I don't know how much credence I put into that astrology stuff, but I tell you, I'm not having a great time.

After doing so much kundalini lately which has helped balance me, I'm finding it has also stirred up a lot of shit within me. It only took me meeting someone that I was willing to let in to start the landslide, but boy has that landslide started happening. I fear I'll be lost under all the rubble falling on me, mentally at least.

So where is the yoga in all this? I've practiced for 10 years now and am told of all of these great benefits of equanimity and such that are the boons of said practice. So where is my equanimity, my peace of mind, my balance, my ability to not let the emotions control me but to just feel them and observe them? I'm not sure, at all.

I just brings to mind what my friend Michael Faith teaches, everything in his classes revolves around the heart. The energy of the heart, I'm finding anyway, is an amazingly strong thing that is not to be reckoned with! I began the opening thru my Anusara practice and the kundalini only exacerbated that opening til the point now where I'm a mess. Maybe the heart energy really is the strongest thing on the planet, you know like, All You Need Is Love?!? Maybe once you unleash it its just that powerful and overwhelming so as to not be controlled, even through yogic techniques?

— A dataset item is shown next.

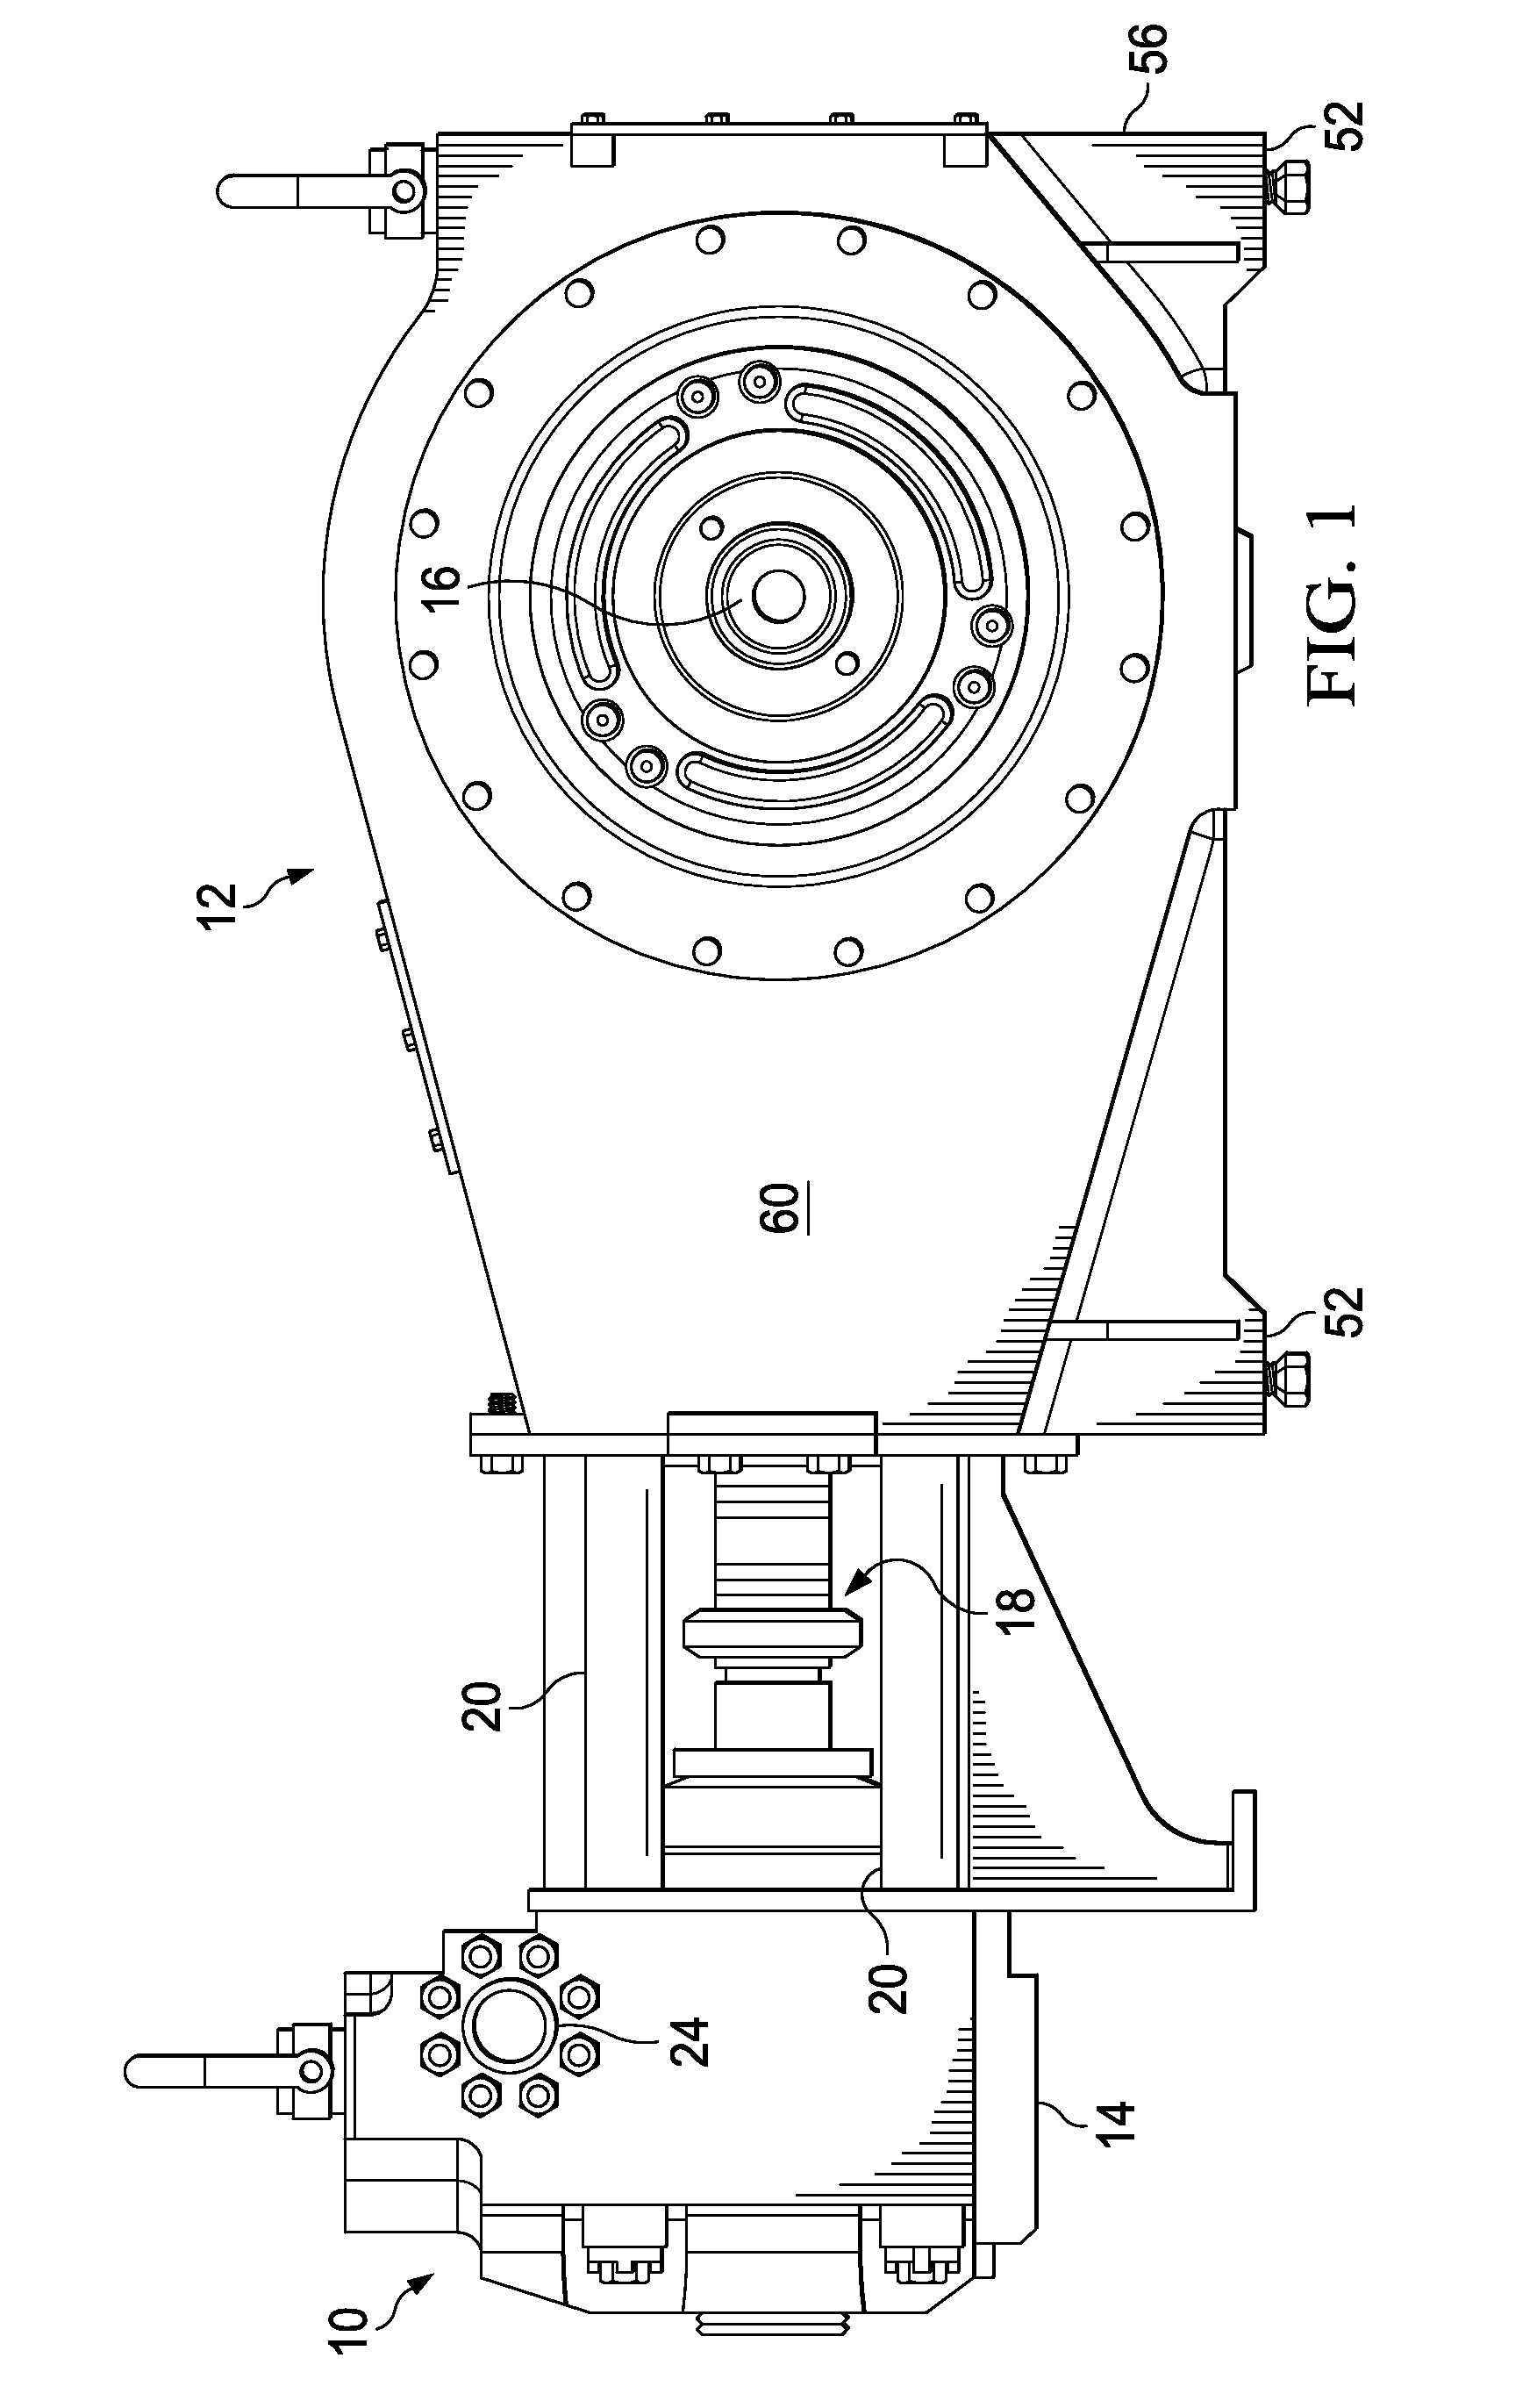 System and method for reinforcing reciprocating pump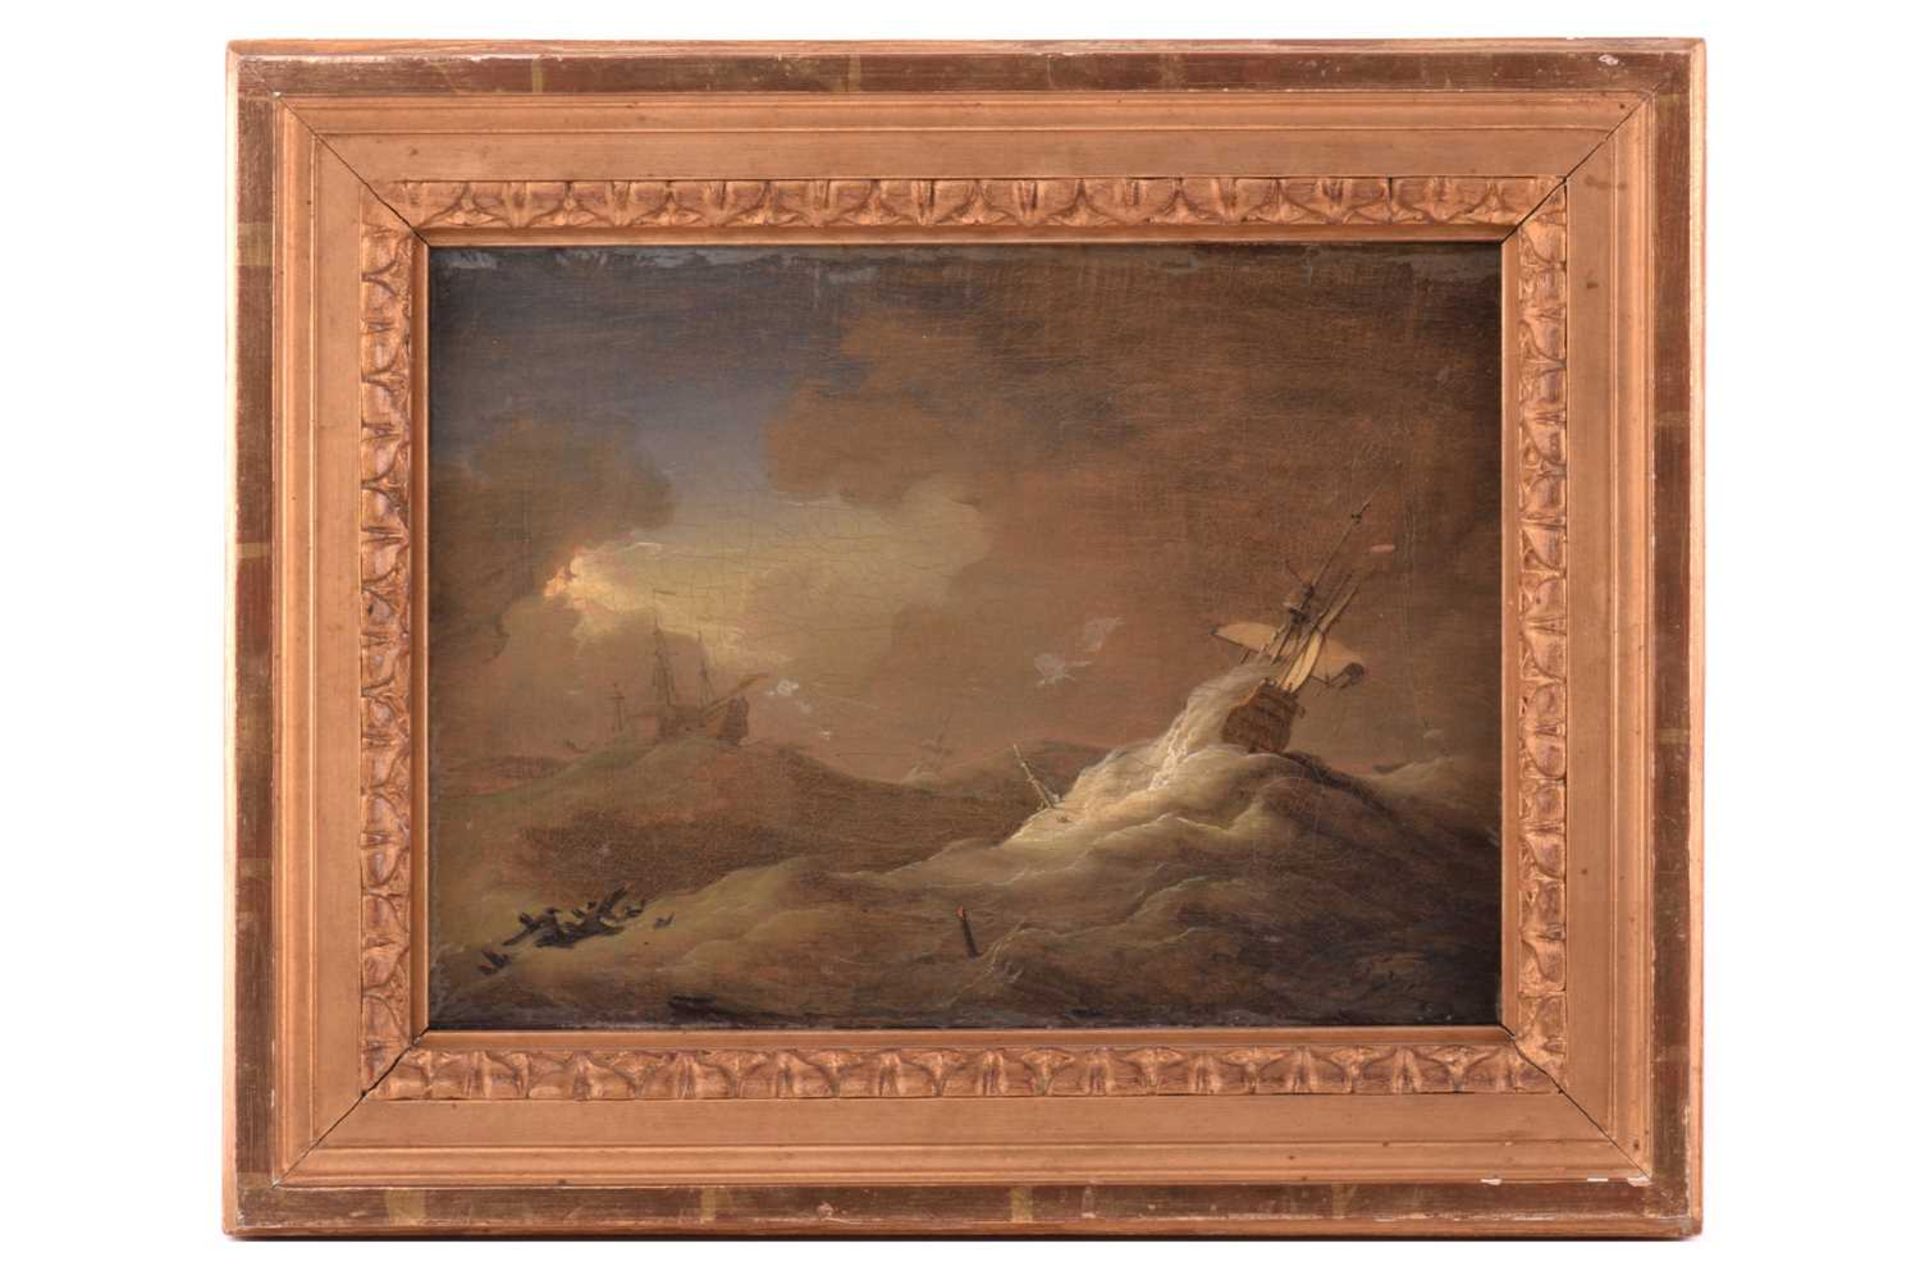 18th century Continental School, Galleons in a Storm, indistinctly signed bottom right, oil on

If so, I'm fucked because I'm having a major unleashing and I mean major!

Well, maybe not a mess, maybe just falling in love. Falling for someone I don't even know how he feels about me even though others tell me they believe he feels the same, just doesn't want to miss me while he's gone on an upcoming month long trip and therefor is being standoffish. Falling for someone who tells me the trouble he had getting over his ex and how it will be a long time before he can befriend him and yet he keeps spending time with him this week, instead of me! Selfish I know, but this is my blog after all, right?Falling for someone who used to answer my texts almost before I was finished typing them and then a week later can't get an answer at all! Falling for someone whom one night we're making out and arousing each other and then a week later he won't even let me try to arouse him because he doesn't want to be intimate with me before he leaves because it will be easier.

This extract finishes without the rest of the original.